See also the cases referred to in THULANI SIPHO MOTSA & 2 Others, Criminal Appeal 30 of 2006 (judgement delivered on the 4th August, 2006) (unreported). This rule of practice is also captured and its enforcement echoed in article 16 (9) of the Constitution which provides that:

(9) Where a person is convicted and sentenced to a term of imprisonment for an offence, any period that person has spent in lawful custody in respect of that offence before the completion of the trial of that person shall be taken into account in imposing the term of imprisonment.”’

(See also R v Bheki Kunene, Review case 34/2009, judgment delivered on 12 August 2009)


[12] The applicants have also submitted that the court a quo erred in law in passing sentence on the stock theft counts without enquiring whether or not there were extenuating circumstances in connection with the commission of these offences. Again, Counsel for the crown has conceded that this was an irregularity committed by the Court a quo. There is a long line of cases on this point; holding that the court must, before sentence, make an inquiry or determination as to the existence or otherwise of extenuating circumstances in such cases. In Sandile Majahonkhe Nkomo v R, Crim. Appeal 5/2009, I had occasion to say the following:

[12] In terms of section 18 (1) of the [The Stock Theft] Act,

(1) A person convicted of an offence under section 3 or 4 in relation to any cattle, sheep, goat, pig or domesticated ostrich shall be liable to imprisonment for a period of not less than-

(a) two years without the option of a fine in respect of a first offence; or

(b)five years without the option of a fine in respect of a second or subsequent offence, but in either case [no] such period of imprisonment shall exceed ten ;

provided that if the court convicting such person is satisfied that there are extenuating circumstances in connection with the commission of such offence, he shall be liable to a fine not exceeding E2000 or a term of imprisonment not exceeding ten years or both.”
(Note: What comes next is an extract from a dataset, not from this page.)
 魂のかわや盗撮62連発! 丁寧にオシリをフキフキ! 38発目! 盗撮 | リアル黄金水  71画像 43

The proviso makes it mandatory that where someone has been convicted of contravening either section 3 or 4 of the Act, the court must conduct an enquiry to determine whether or not extenuating circumstances exist in connection with the commission of the offence. The duty to conduct this enquiry lies with the presiding officer. (DANIEL MBUDLANE DLAMINI v REX (CR. APPEAL 11/98) (unreported). Recently this court considered a similar point in the case of MPOSTOLI ZAZA SIMELANE v REX CR. APPEAL 25/2008, judgement delivered on the 6th August 2009 and stated as follows:


[10] Whilst it is true that the trial Principal Magistrate did make a finding that there were no extenuating circumstances in this case, she did not conduct or embark on an enquiry on this. She was enjoined to conduct such enquiry as it was very crucial in the determination of the “appropriate sentence” she referred to in her judgment on sentence. In casu, it was the absence of extenuating circumstances that condemned the Appellant to the sentences I have referred to above.
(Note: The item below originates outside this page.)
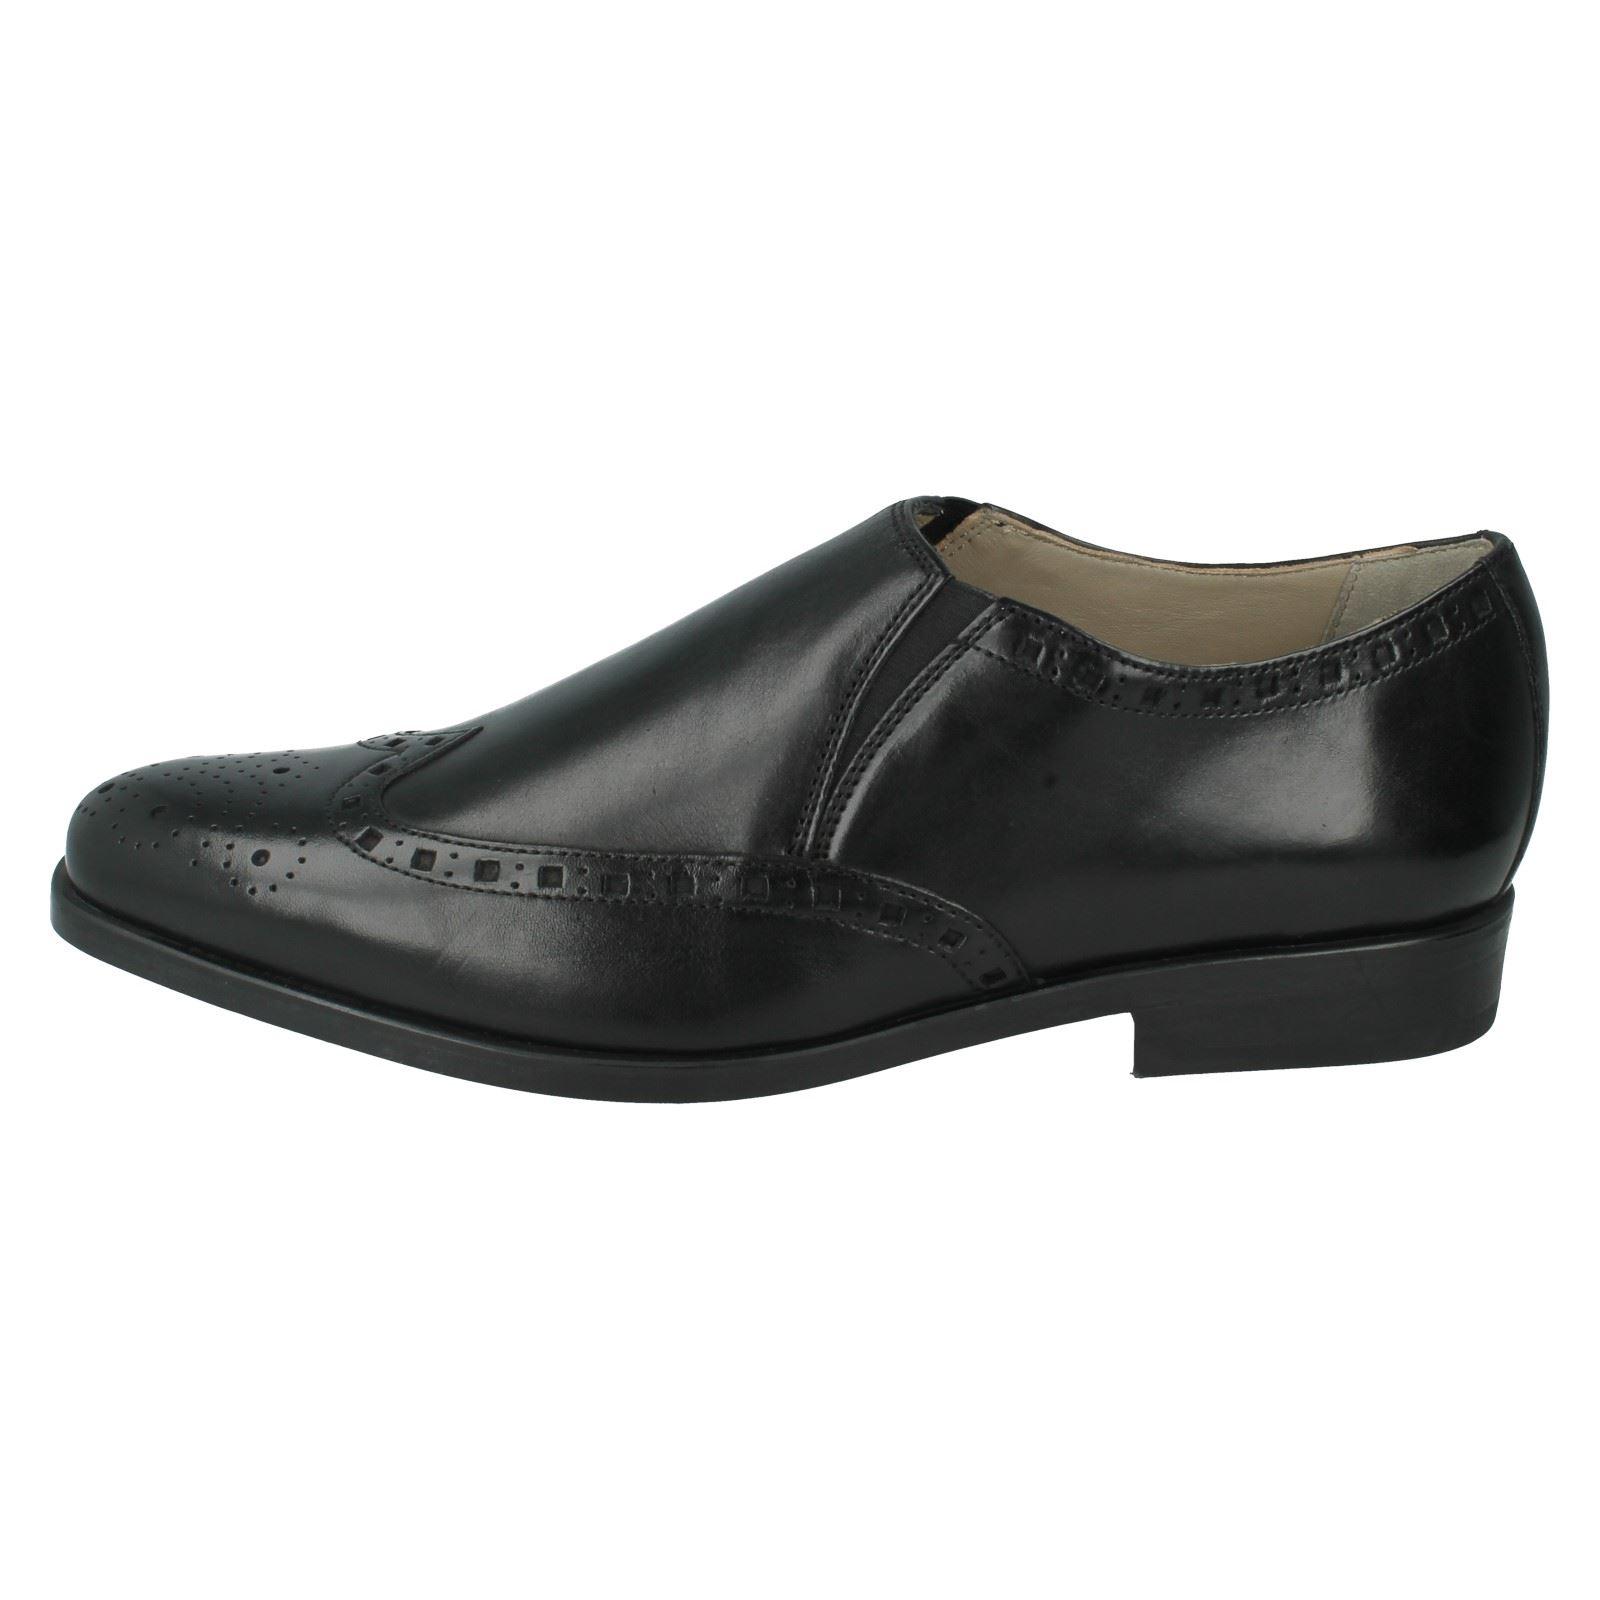 Men s Clarks Formal Slip On Shoes Style - Amieson Slip  d6b1b0656

[11] Where an accused is unrepresented, it is encumbent on the presiding officer to advise the accused about this enquiry and the importance of such enquiry in the sentencing equation. Whilst the duty to conduct the inquiry rests on the presiding officer, the sentencing provisions and their significance should, as a matter of law and practice, be brought to the knowledge and attention of the convicted person. This would enable such person to be an active participant in the inquiry should he decide to take advantage of these provisions in order or in an endeavour to receive a sentence that has an option of a fine. In fact an accused should be encouraged to lead evidence in extenuation, even if he is not obliged to do so (see Daniel Mbudlane Dlamini v Rex Criminal Appeal 11/98) (unreported). An accused person can only exercise his right to participate in the inquiry, if he has knowledge of such right, and obviously the attendant benefits to him flowing therefrom.


[12] The normal or usual practice in this jurisdiction is to conduct the inquiry on the existence or otherwise of extenuating circumstances immediately after conviction but before mitigation.”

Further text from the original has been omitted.